Many advisors tout the benefits of Treasury Inflation-Protected Securities because they think TIPS are the best vehicle for protecting portfolios from inflation. While TIPS were created with good intentions, these Treasury bonds fail to fulfill the purpose for which they were established.

During periods of inflation, generating consistent returns is often a challenge for investors as purchasing power decreases. In essence, the money lent through bonds during inflationary periods provides significantly lower purchasing power once it is paid back.

To mitigate the effects of inflation on bondholders, the Treasury Department in 1997 began selling TIPS, which come with a permanently fixed coupon rate and principal that is adjusted to coincide with changes in the Consumer Price Index. The bonds are issued with five-, 10- or 30-year maturities, and interest is paid semiannually.

On the surface, TIPS would appear to protect investors, but there are inherent problems. For starters, if the securities are held in a taxable account, investors pay an ordinary tax rate on income they will not receive until maturity.

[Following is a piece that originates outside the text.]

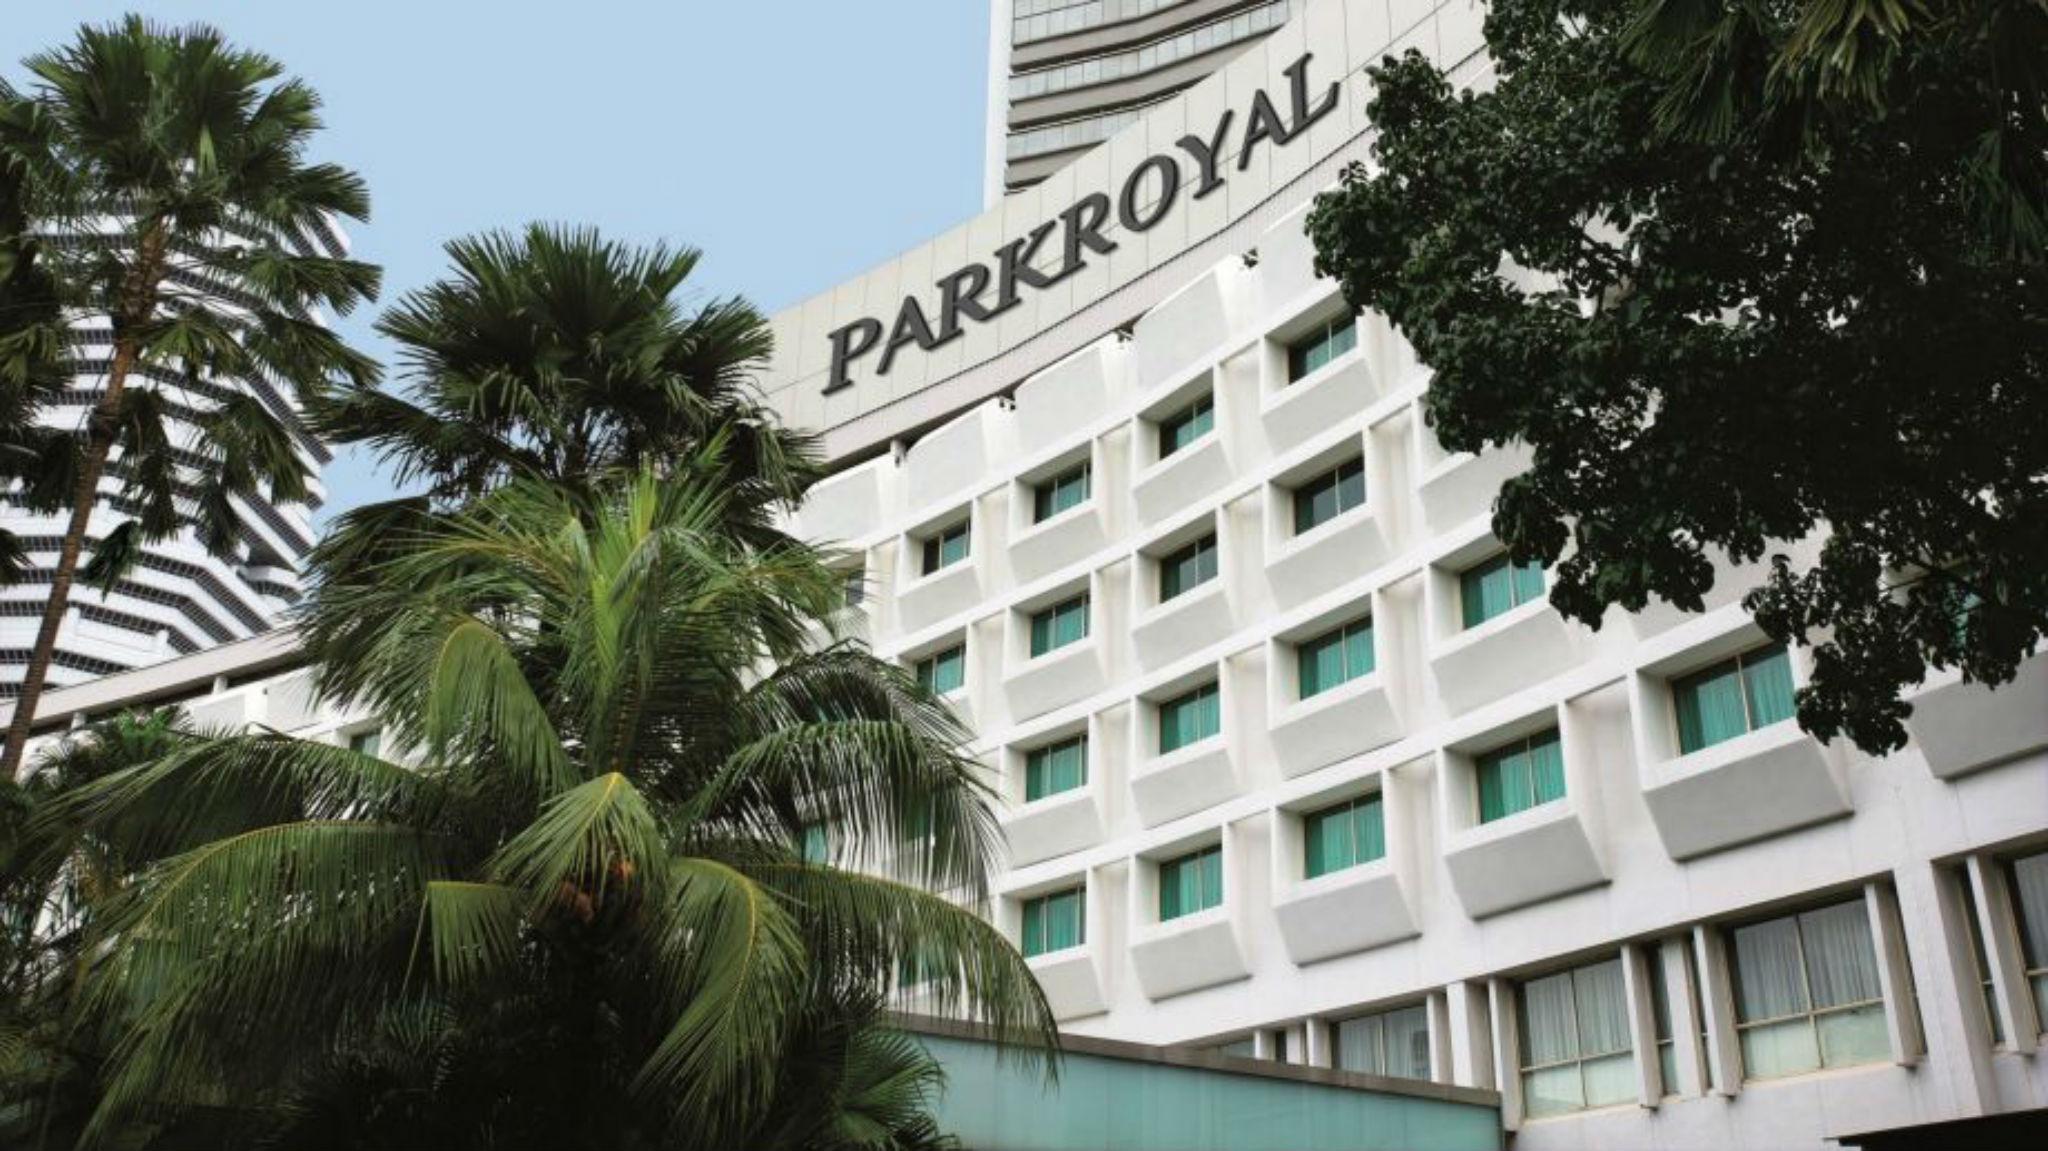 Parkroyal Serviced Suites, Rochor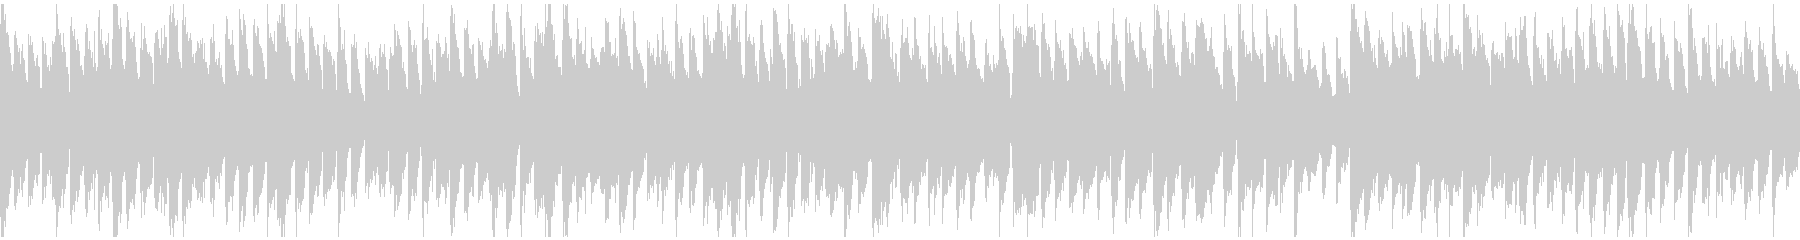 ファンタジー感のあるリコーダー※ループ版の未再生の波形

Another flaw is that TIPS present credit risk that is changing to the downside. With Operation Twist, the Federal Reserve accounts for 90% of demand in the longer-dated Treasury market, which includes TIPS. With the Fed competing with school districts, pension plans and other risk-averse investors - the natural consumers of Treasury products - prices have increased and yields have decreased.

Along with an increase in prices, TIPS investors will also absorb adverse effects from the inevitable erosion of U.S. creditworthiness. As the U.S. approaches the point where its debt equals its gross domestic product, Treasuries will lose their risk-free aura and investors will demand increased compensation (in the form of interest) for holding those bonds.



Since TIPS and other Treasuries have performed well from the standpoint of total return over the past 10 years, many advisors assume TIPS are among the safest investments for clients. Yet investors receive greater inflation protection from other bonds, like Corporate Inflation-Protected Securities. These bonds have a coupon that adjusts for the gross changes in the CPI. The result for the investors is immediate cash flow from changes in inflation with the funds to pay any taxes generated.

TIPS were a good idea, but that idea has been poorly executed. The potential negative implications outnumber the positives and leave investors exposed to risks TIPS were designed to avoid.



Scott Colyer is chief executive and chief investment officer of Advisors Asset Management.